Il me faisait l’effet d’une fontaine de joie auprès de laquelle on venait se désaltérer, ou encore d’un vieux chêne aux profondes racines. Plusieurs fois, je lui ai adressé des jeunes vivant intensément leur rapport à la Création et soucieux d’enraciner leur vie et leur foi chrétiennes dans ce mystère. Mon dernier contact avec lui est assez émouvant. Hospitalisé à Fort-de-France, je venais d’être opéré d’un triple pontage (durant l’été 2013) par un chirurgien qui s’intéressait à l’écologie, je lui ai parlé des travaux de Jean Bastaire, que j’ai alors appelé au téléphone. Et voilà qu’il a remué ciel et terre pour me faire parvenir au plus vite, par mail, les textes que je lui demandais. C’était trois semaines avant sa mort… il était très faible, mais toujours aussi passionné !

Le diocèse de Lyon va faire vivre la mémoire de Jean Bastaire. Quelles formes cela va-t-il prendre ?

À part sa bibliothèque, Jean Bastaire a légué tout ce qu’il possédait à la Fondation Saint-Irénée. Le diocèse étant une association cultuelle, il n’est pas habilité à recevoir des legs à vocation culturelle. Comme Jean Bastaire n’avait pas d’enfants, il souhaitait que ses biens servent à promouvoir une écologie chrétienne. Il appelait de ses vœux la naissance des « Petits frères et sœurs de la Création », une fraternité spirituelle, regroupant hommes et femmes, décidés à « cultiver et garder » le jardin de la Création (Genèse 2, 15). À un moment, il avait même dit : « On pourrait faire une nouvelle Jec, la Jeunesse écologique chrétienne ! » Mais il tenait aussi à ne pas se cantonner aux jeunes ; dans les « Petits frères et sœurs », il est important que toutes les générations soient représentées et mélangées. Nous aurions aimé que ce projet prenne forme avant son décès. La Fondation Saint-Irénée a mission d’aider tous ceux qui souhaiteront aller en ce sens. Une première étape a été franchie avec l’ouverture d’une chaire Jean Bastaire à l’université catholique de Lyon. J’espère que son travail servira de nourriture théologique et spirituelle à beaucoup, et nous sommes décidés à faire respecter ses dernières volontés…

La théologie de la Création se développe peu à peu dans l’Église catholique.
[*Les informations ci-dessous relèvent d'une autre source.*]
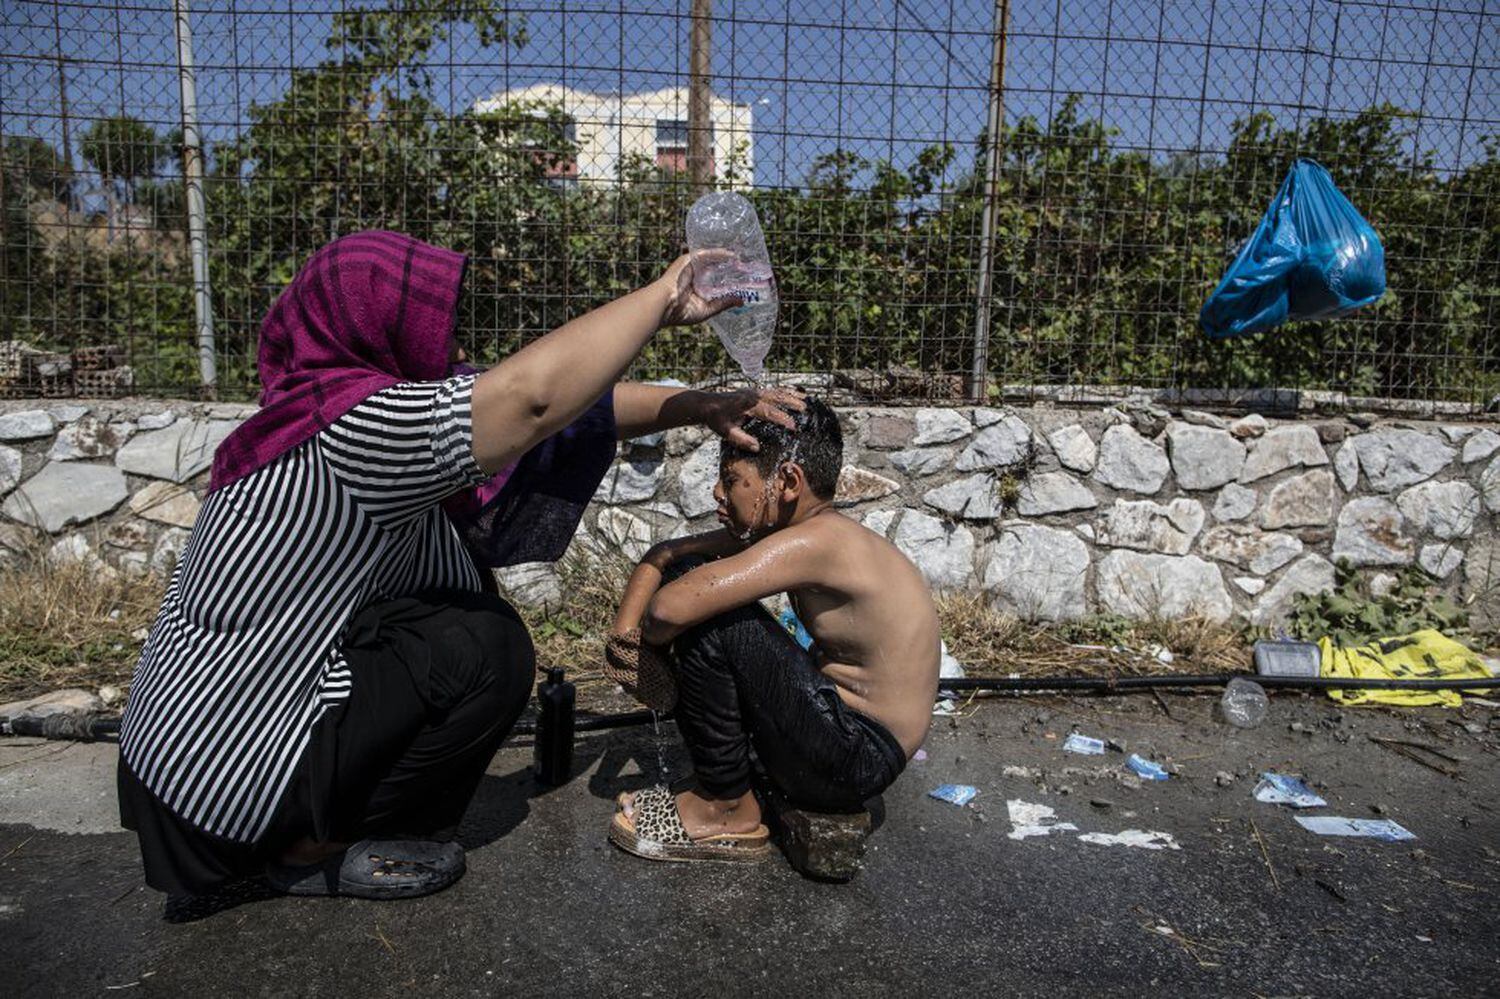 Μια γυναίκα πρόσφυγας πλένει ένα αγόρι με ένα μπουκάλι νερό στον αυτοσχέδιο χώρο στάθμευσης δίπλα σε ένα σούπερ μάρκετ στη Μυτιλήνη της Λέσβου.
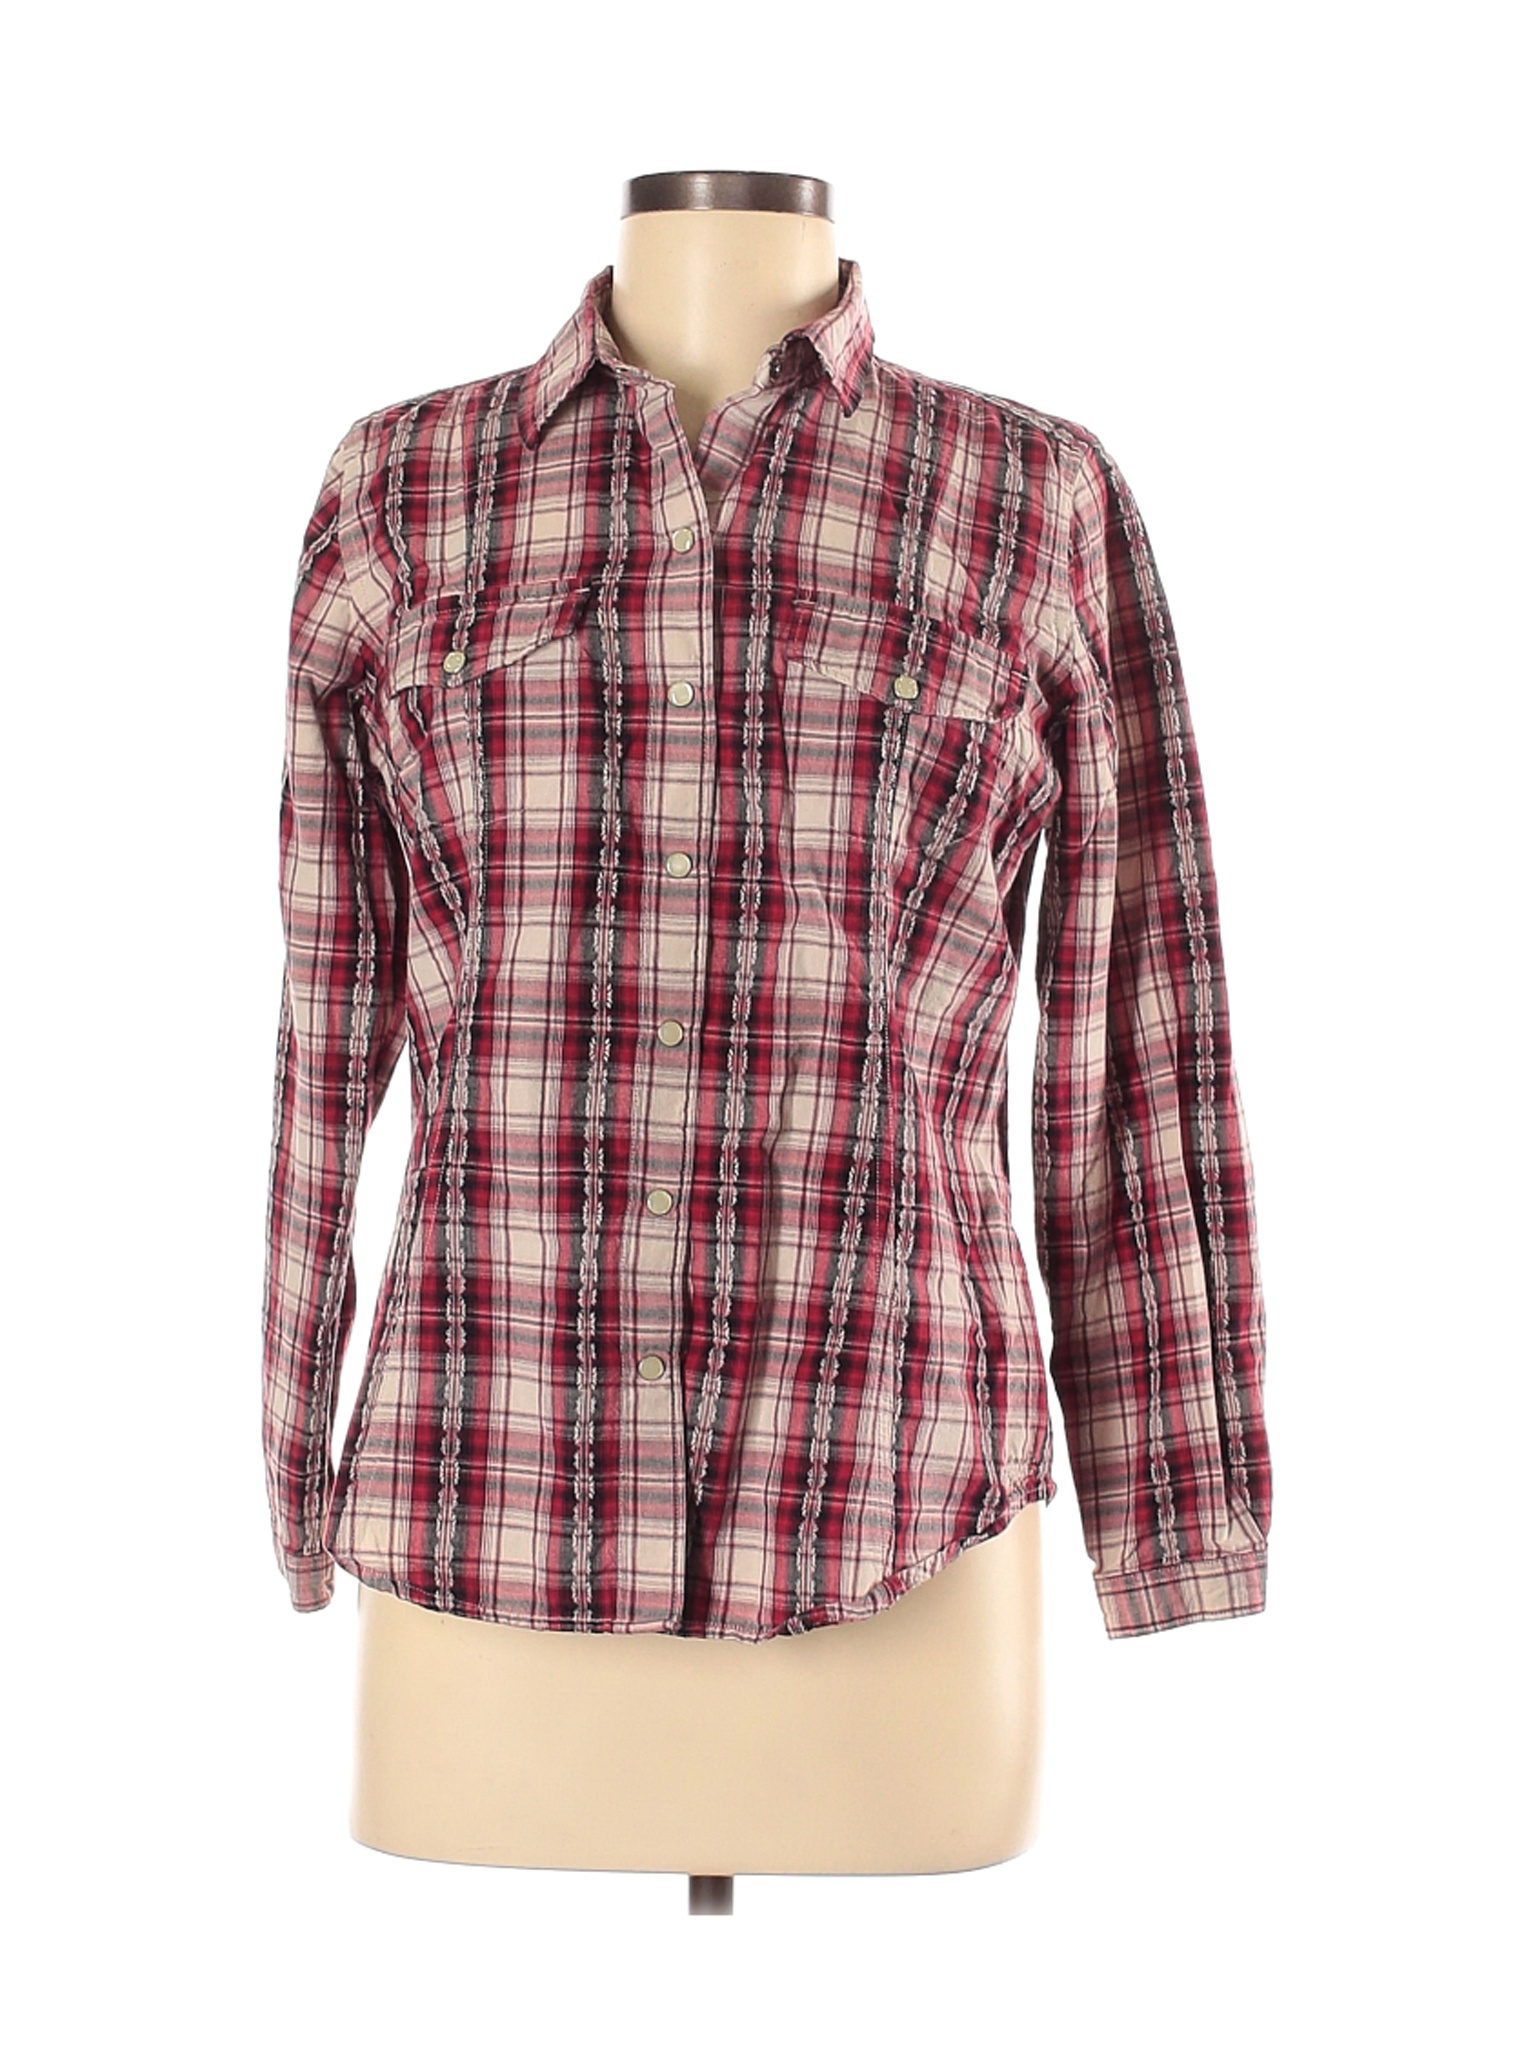 Woolrich Women Red Long Sleeve Button-Down Shirt M | eBay

Qu’est-ce que cela vous inspire ?

Elle se développe, et c’est une bonne chose. Mais pour le moment, elle n’est pas allée assez loin. La théologie, en général, progresse à partir des écueils et des hérésies qui surgissent. Mais la première ligne du Credo n’a guère fait l’objet de contestations… Du coup, la réflexion théologique sur ce mystère essentiel et premier est restée atrophiée. Par exemple, je ne me souviens pas avoir eu de cours sur la Création durant toute ma formation au séminaire. Nous gagnerions beaucoup à nous inspirer du regard plus contemplatif porté par les orthodoxes sur le monde, à être plus attentifs à la splendeur et la beauté de la Création. Le pape François prépare, nous dit-on, une encyclique consacrée à l’écologie. C’est un texte très attendu, qui sera un grand événement.

Entretien réalisé par Mahaut Herrman, le 26 septembre 2014.